Only an exact reprint of all the data is acceptable.

#### RAW DATA
==============================

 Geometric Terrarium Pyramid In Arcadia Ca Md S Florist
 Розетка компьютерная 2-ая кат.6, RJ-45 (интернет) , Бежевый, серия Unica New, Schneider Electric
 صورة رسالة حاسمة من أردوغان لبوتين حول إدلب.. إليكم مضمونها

==============================

#### EXERCISE RESPONSE
 Geometric Terrarium Pyramid In Arcadia Ca Md S Florist
 Розетка компьютерная 2-ая кат.6, RJ-45 (интернет) , Бежевый, серия Unica New, Schneider Electric
 صورة رسالة حاسمة من أردوغان لبوتين حول إدلب.. إليكم مضمونها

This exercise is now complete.